Modifying the circuit again so that the lower frequency is set from say, 2-10 Hz, and the higher frequency to 4kHz range:

The lower frequency can be used to Frequency Modulate the upper frequency from its static value, say 2kHz, to the say 5Hz value, above and below the 2kHz. This is easily audible as a pulsing increase and decrease in the 2kHz tone:

You can’t tell from the picture, as the scope is moving too slowly over the frequency changes, like a Slinky spring, but you can hear it:
FM.mp3
Altering the settings a bit shows the stretching and contracting wave in Wave Candy better:

The important thing to realise is that the amplitude of the signal is unchanged, just the frequency is modulating – higher at the ends than in the middle of the display. This wave sounds like this:
WCFM.mp3
I could have just shown you the java applet I already found on WikiP, but I think its best to play with these things for yourself to understand them better.
These two methods of modulation – AM and FM – have been used in early guitar and keyboard amplifier designs, to produce the Vibrato (FM – pitch change) and Tremolo (AM – volume change) effects. Now you know how.

I’m pleased that the FM modulation worked in FLS, as I didn’t know how the second input on the Multi Oscillators would work until I connected to it. That was what I really wanted to demonstrate for this Post.

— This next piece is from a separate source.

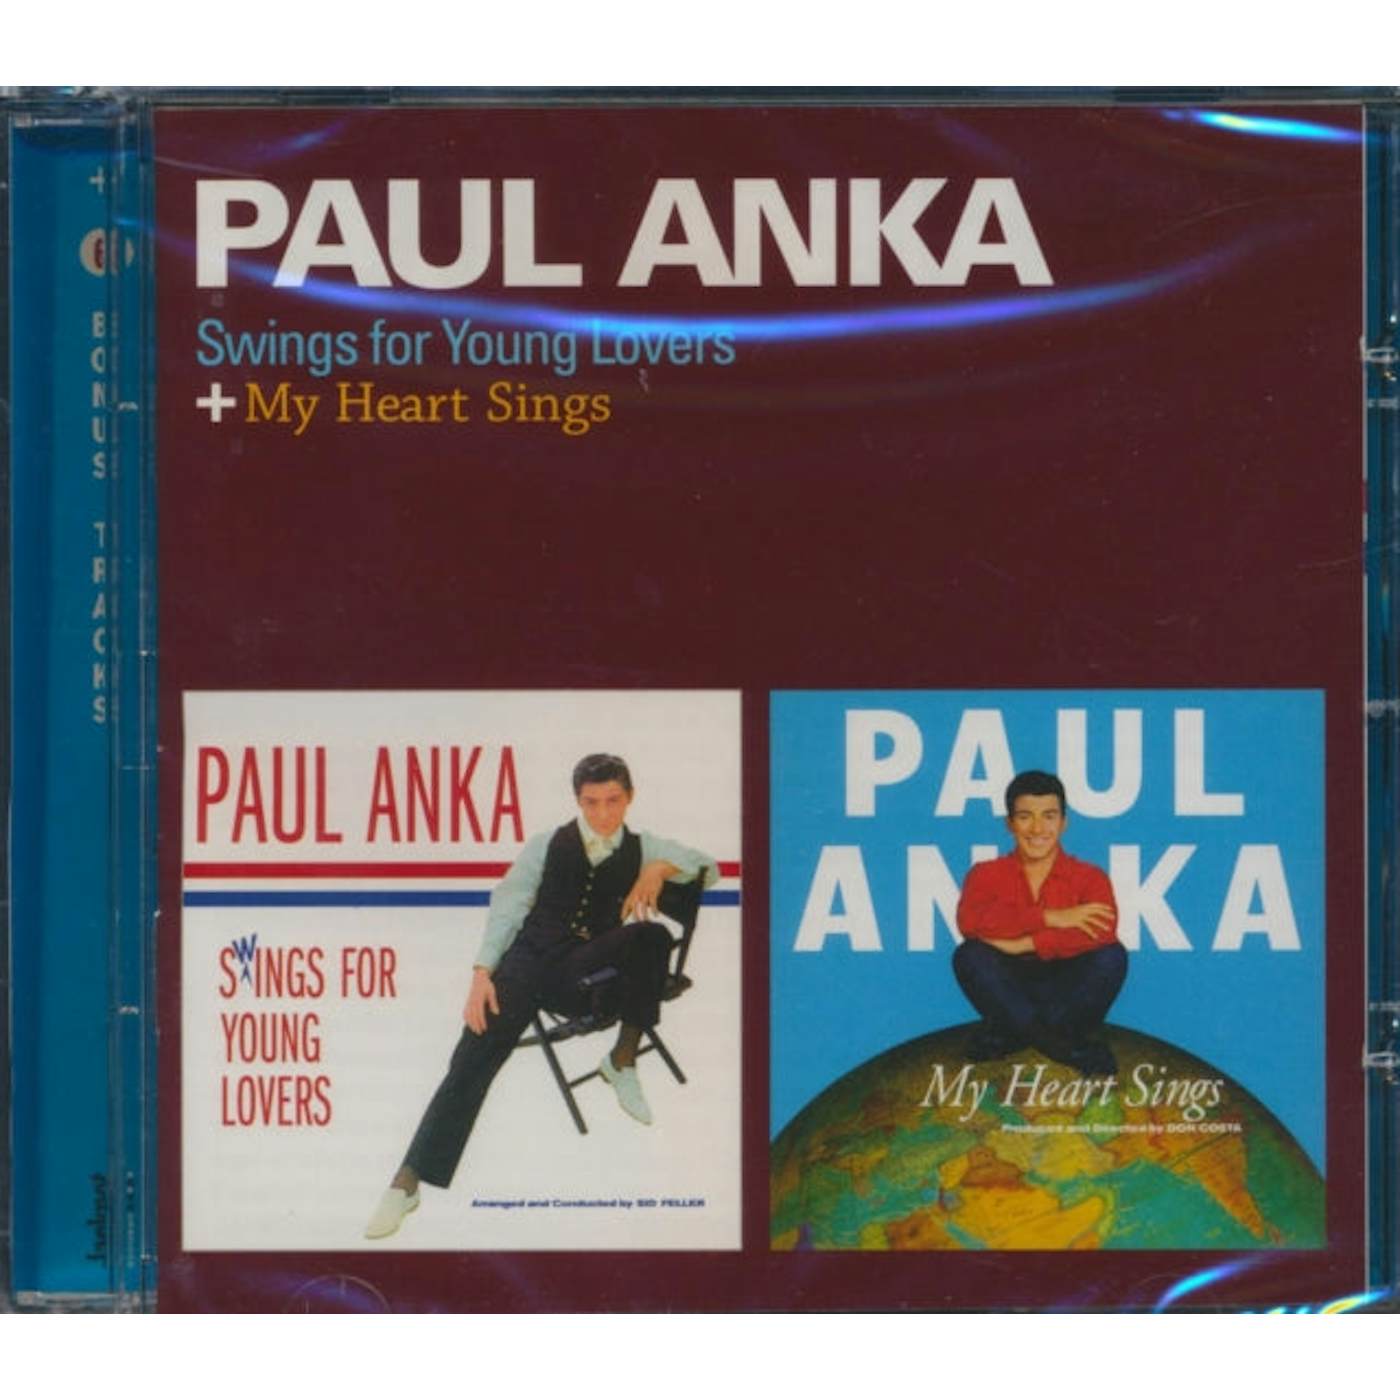 Paul Anka CD - Swings For Young Lovers / My Heart Sings

I find the whole concept of modulation and resonance fascinating, and that it is responsible for the bulk of our radio and TV transmissions through history, even more so.
ADSR

Now that a synth can generate sine waves, and combine them to create more complex waves, or subtract from them using filters, there is one more major way that they affect the waveform as a whole, which is by altering the way the wave starts, continues and ends – its ADSR envelope.

As I covered this in a previous Post
http://stevepedwards.com/ElectronicsStuff/?p=1503
there is little point going over it again, as Synthmaker has a module for this that you can play with, as should any synth of any worth. You have to hear the effects of these parameter changes for them to mean anything for understanding really, where visual examples of modulation are very beneficial, as it is rarely clear audibly, what is happening with a waveform.
In summary:

  • Attack time is the time taken for initial run-up of level from nil to peak, beginning when the key is first pressed.
  • Decay time is the time taken for the subsequent run down from the attack level to the designated sustain level.
  • Sustain level is the level during the main sequence of the sound’s duration, until the key is released.
  • Release time is the time taken for the level to decay from the sustain level to zero after the key is released.

Addendum 23/3/13
Only on re-reading this I realised I did not make it clear how I got the lower frequency to modulate the higher one for the FM section.
I had to recreate it myself from scratch as I lost the original setup, but there is the second connection on the MultiOsc that says “Phase” when the unit is clicked. This is what causes the frequency of the higher frequency to be modulated by the lower. Make a link from the output of the lower frequency MultiOsc to this connection:
FMSetup.jpg
Experiment with different frequncies if you wish to see the “Slinky Spring” effect visually in Wavecandy, though hearing the effect is obvious, if you use a 1-10Hz low frequency to modulate most higher ones.